OpenELM-3B
Property | Value |
---|---|
Parameter Count | 3.04B |
License | Apple Sample Code License |
Paper | arXiv:2404.14619 |
Training Data | 1.8T tokens |
Model Type | Transformer-based Language Model |
What is OpenELM-3B?
OpenELM-3B is part of Apple's Open Efficient Language Model family, representing their largest publicly released model with 3.04 billion parameters. It utilizes an innovative layer-wise scaling strategy to optimize parameter allocation within transformer layers, resulting in enhanced performance across various NLP tasks.
Implementation Details
The model was trained on a diverse dataset comprising RefinedWeb, deduplicated PILE, RedPajama subset, and Dolma v1.6, totaling approximately 1.8 trillion tokens. It employs the CoreNet library for pre-training and supports various generation strategies including lookup token speculative generation for improved inference speed.
- Advanced layer-wise parameter scaling architecture
- Compatible with Hugging Face's transformers library
- Supports both vanilla and instruction-tuned variants
- Implements efficient inference optimization techniques
Core Capabilities
- Strong performance on zero-shot tasks (67.39% average across standard benchmarks)
- Excellent results on complex reasoning tasks (ARC-c: 35.58%)
- High accuracy on common sense tasks (HellaSwag: 72.44%)

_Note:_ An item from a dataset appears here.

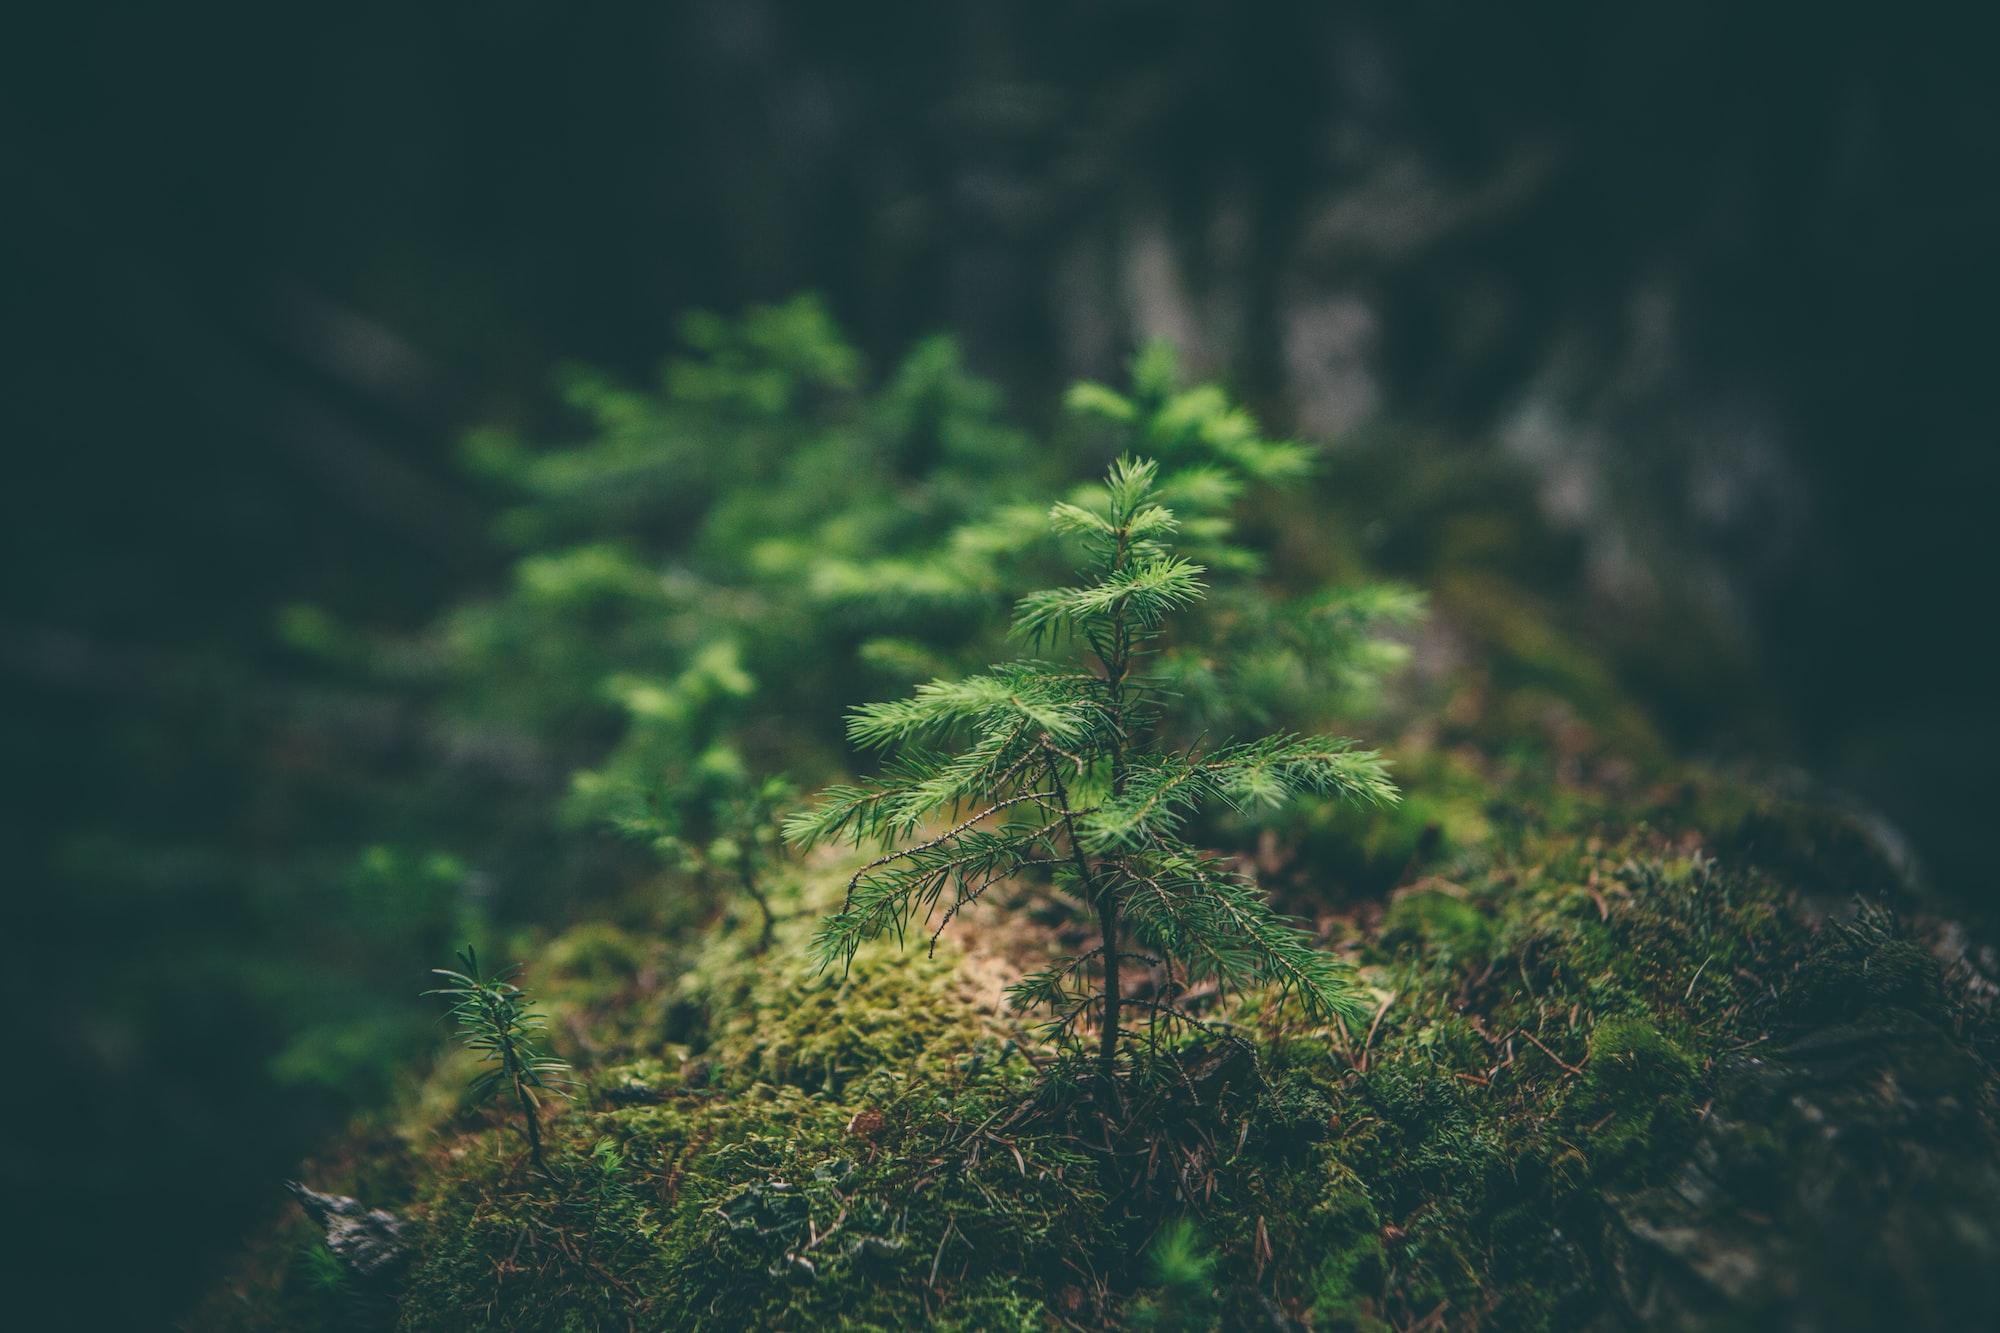 Conifer sapling

- Superior performance on scientific knowledge (SciQ: 92.70%)
Frequently Asked Questions
Q: What makes this model unique?
OpenELM-3B stands out for its efficient parameter allocation strategy and comprehensive open-source framework that includes data preparation, training, fine-tuning, and evaluation procedures. It achieves strong performance while maintaining computational efficiency.
Q: What are the recommended use cases?
The model excels in text generation, reasoning tasks, and scientific question-answering. It's particularly well-suited for applications requiring strong zero-shot performance and can be used with speculative generation for faster inference.